One day when I was coming down from my room at two o’clock to go to class, the landlady held out the telephone to me. My heart no longer beat furiously when I took it, because Luc was away. I immediately recognized the low, hesitant voice of Françoise.
‘Dominique?’
‘Yes,’ I said.
On the staircase all was still.
‘Dominique, I should have phoned you sooner. Do you want to come and see me all the same?’

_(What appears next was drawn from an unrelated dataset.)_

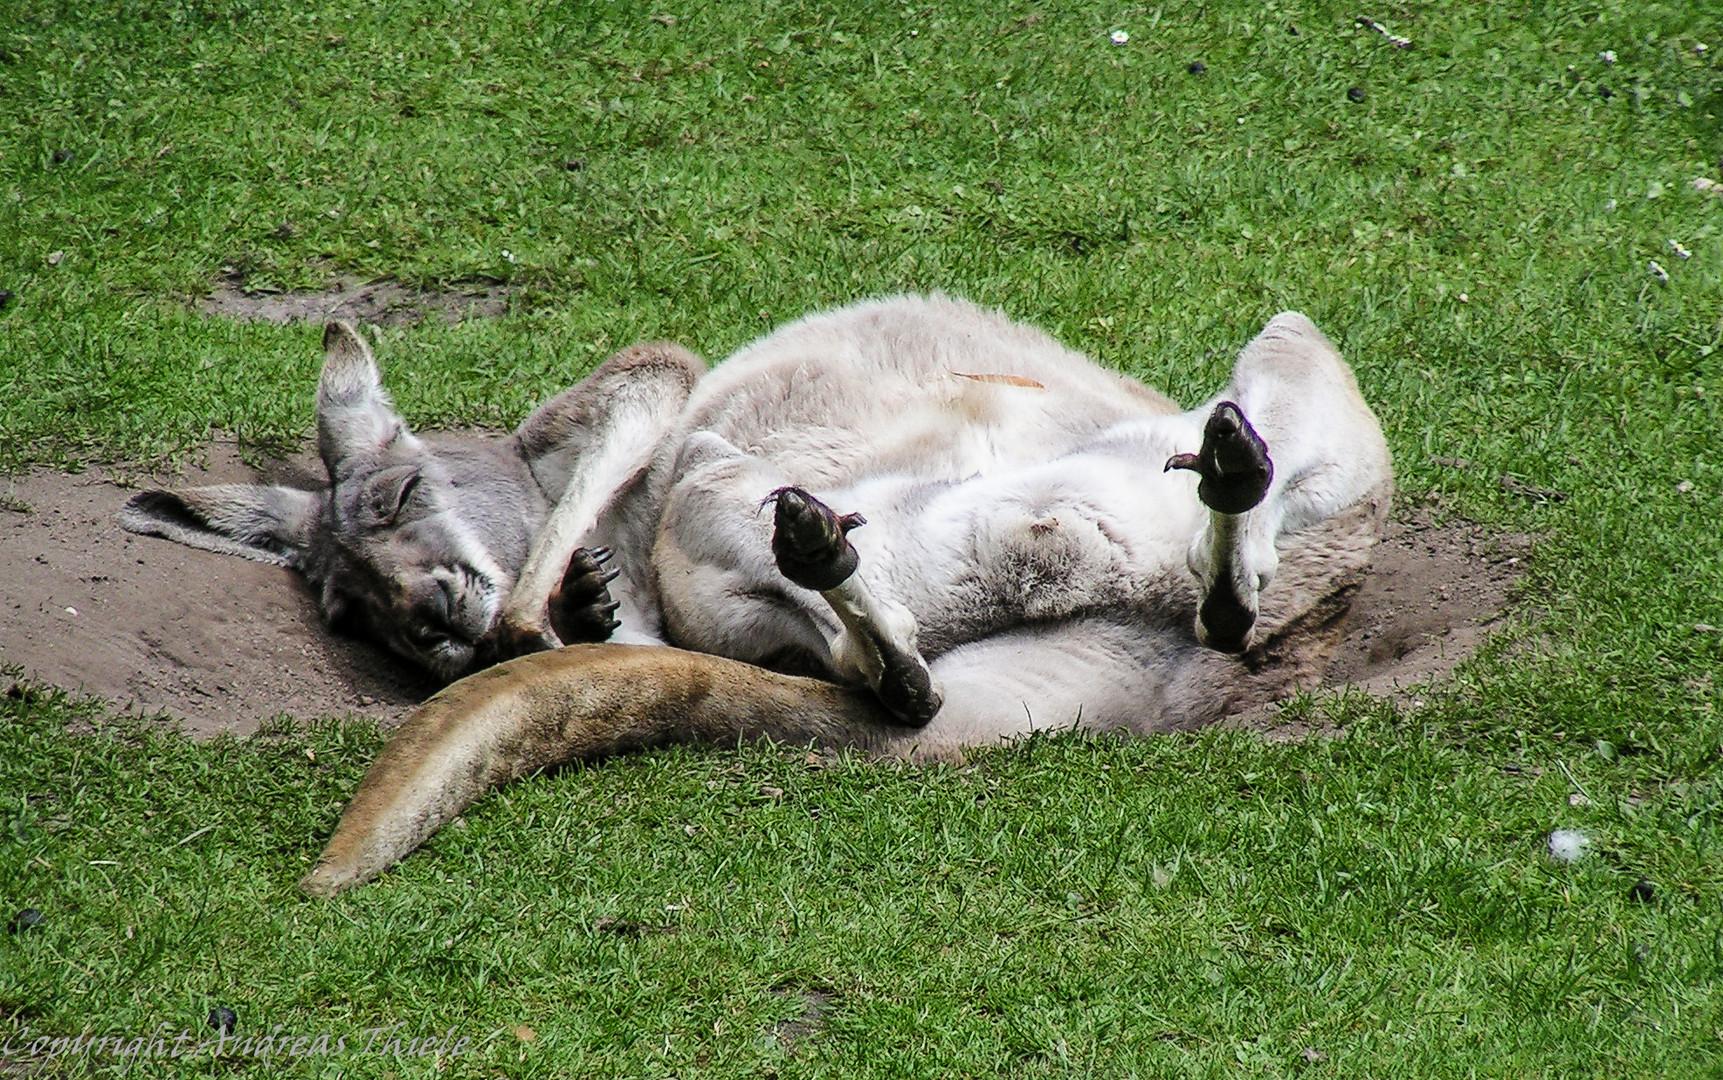 Einfach mal zum Wochenende relaxen!
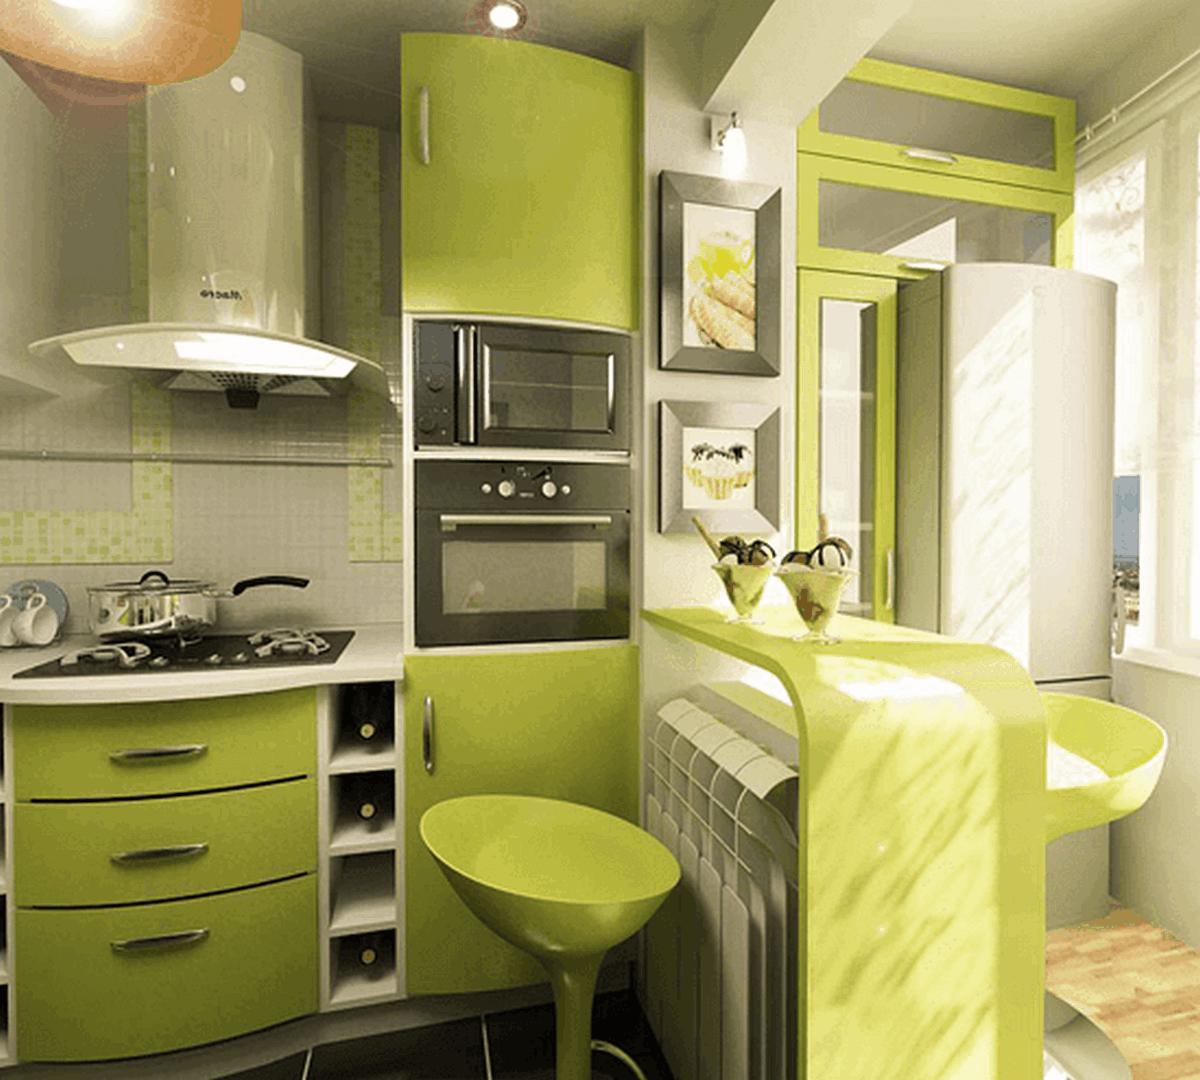 дизайн проект кухни 6 кв м салатовый

‘Of course,’ I said. I was keeping my voice so much under control that I must have sounded quite urbane.
‘Would you like to come this evening at six?’
‘That’s fine.’
And she hung up.
I was both upset and pleased to have heard her voice. It brought back memories of that weekend, the car, lunches in restaurants, all the previous settings.
Six
I didn’t go to my class. Instead I walked about the streets wondering what she could have to say to me. Mine was the classic reaction: I felt I had suffered too much for anyone to hold anything against me. When six o’clock came, it was raining a little. The streets were damp and glistening beneath the streetlights, like the backs of seals. Going into the lobby of the apartment block, I caught sight of myself in a mirror. I had shed a lot of weight, hoping vaguely that I would fall seriously ill and that Luc would come and sob at my deathbed. My hair was wet and I had a hunted look. I would inspire in Françoise her perennial kindness. I remained looking at myself for a moment. Perhaps I would have been able able to manipulate the situation, get really close to Françoise, prevaricate with Luc and evade the issue. But for what? How could the issue be evaded when my feelings were as they were, for once absolute, unconditional and wholehearted. I had been truly astonished and impressed by the strength of my love, but I had forgotten that it represented nothing, except, as far as I was concerned, an occasion to suffer.